:: Given material ::

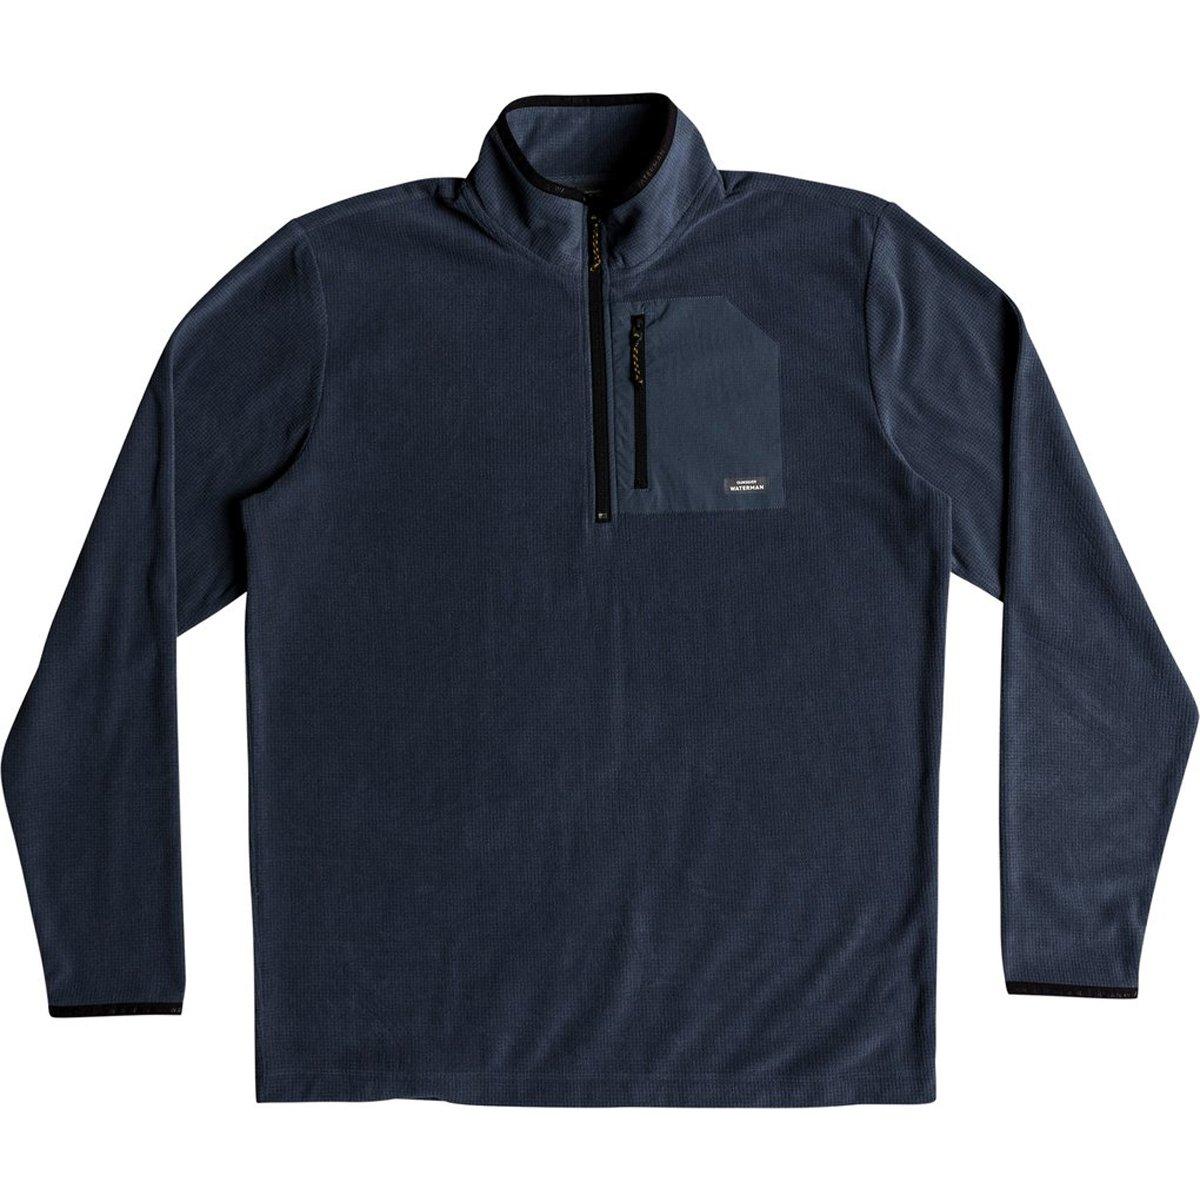 Quiksilver Men's Boat Trip 2 Half Zip Fleece Jacket, Orion Blue, L
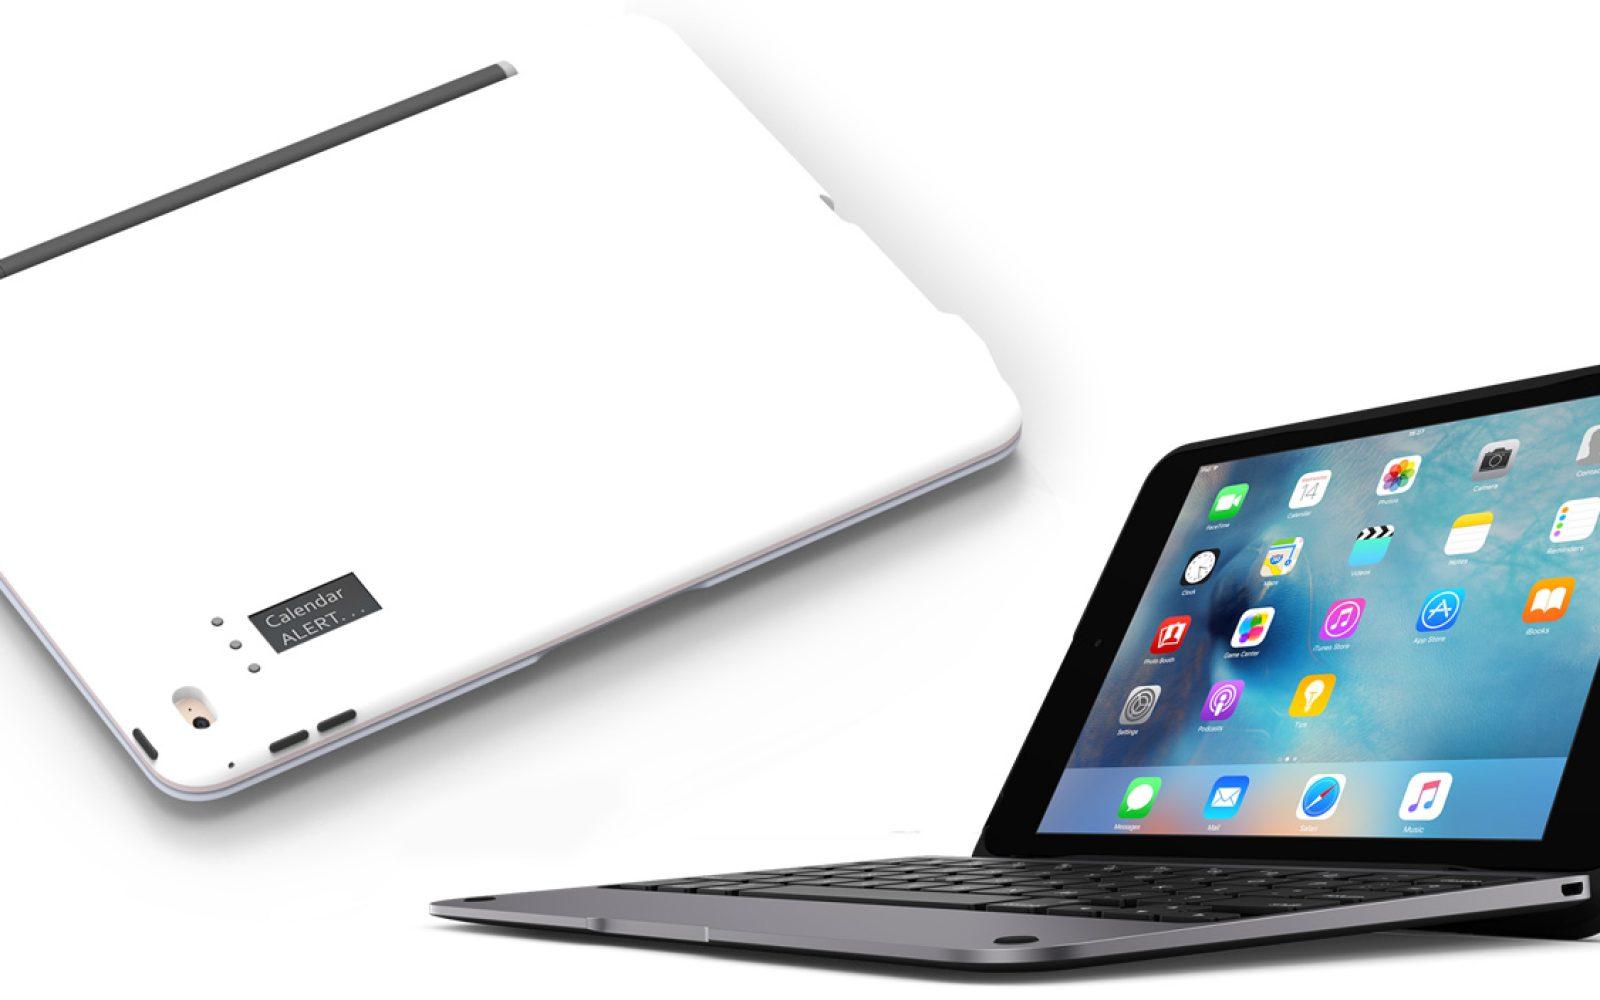 super popular 02d4a 3a1ea Incipio debuts ClamCase keyboards for iPad Pro, mini 4 + Air 2, adds ...
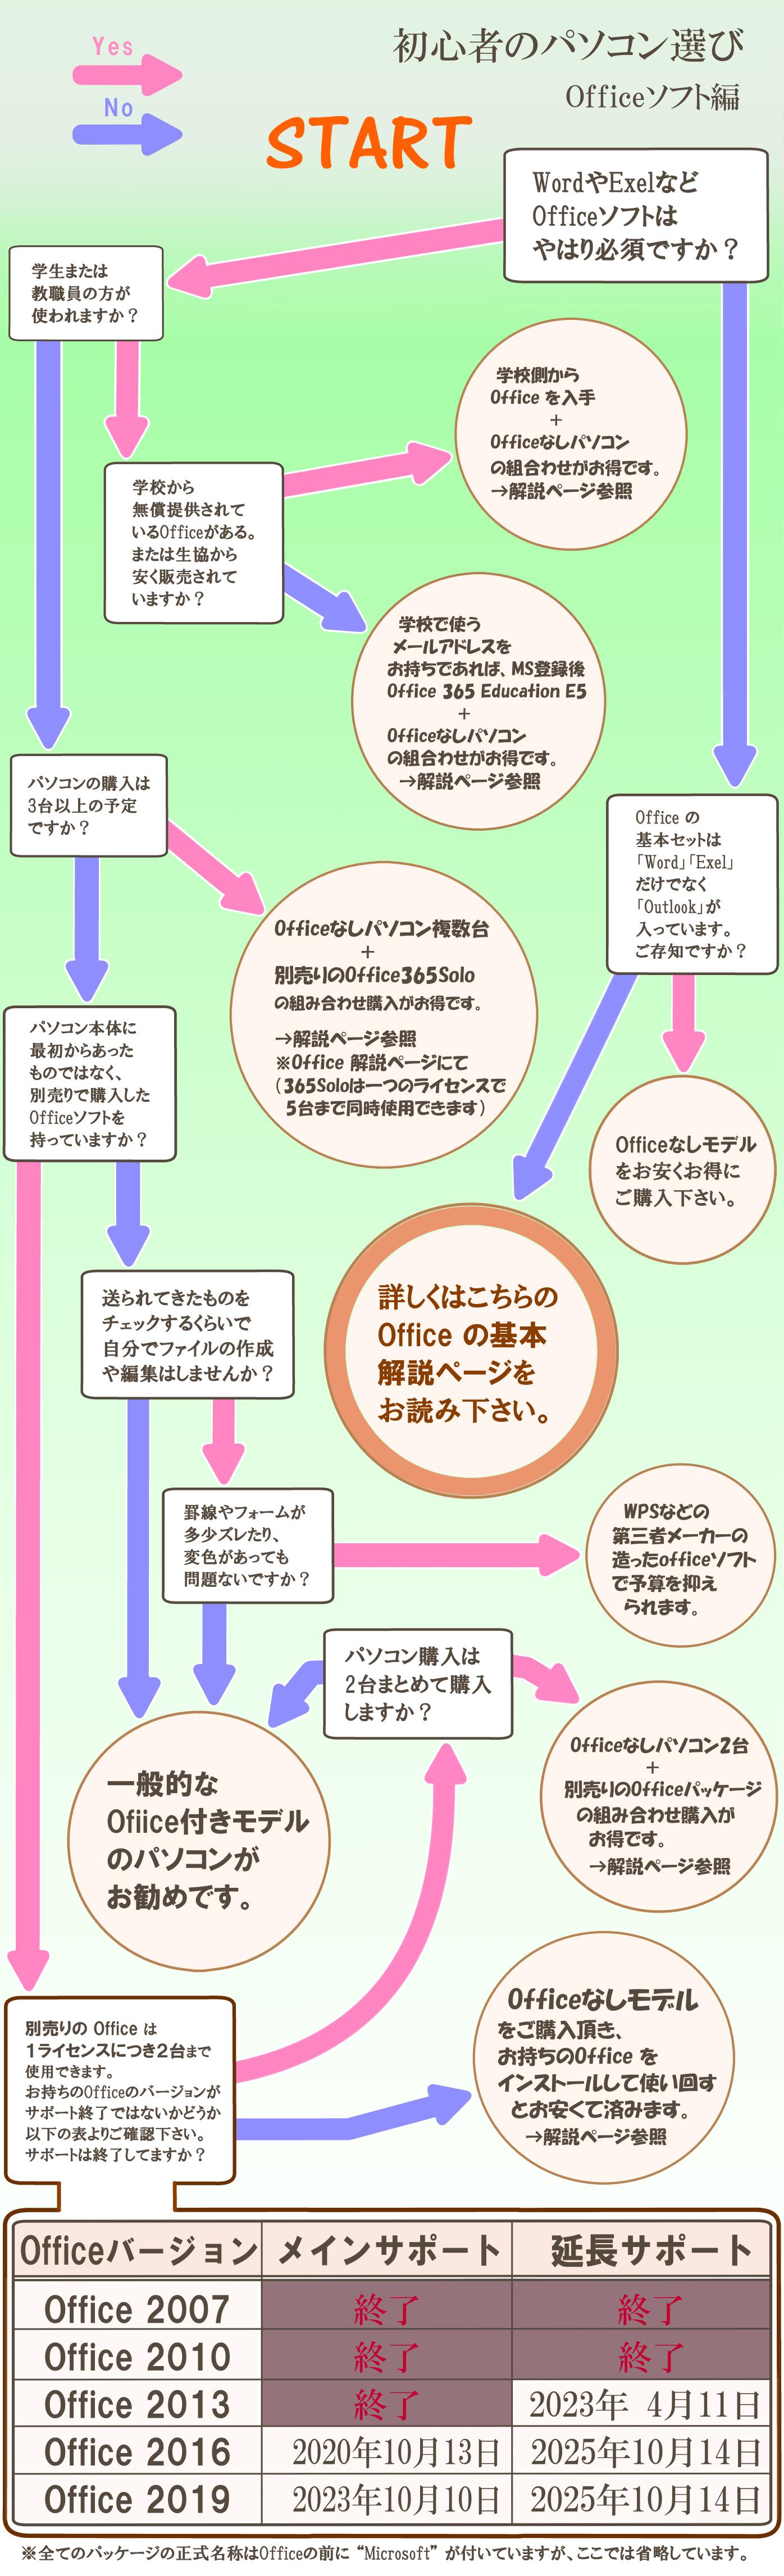 『初心者のパソコン選び・Officeソフト編』イエス or ノー選択表

:::

*What to work on*:
Copy each line above exactly. Images do not belong in the copy.

*Answer for the task*:
 Quiksilver Men's Boat Trip 2 Half Zip Fleece Jacket, Orion Blue, L
 super popular 02d4a 3a1ea Incipio debuts ClamCase keyboards for iPad Pro, mini 4 + Air 2, adds ...
 『初心者のパソコン選び・Officeソフト編』イエス or ノー選択表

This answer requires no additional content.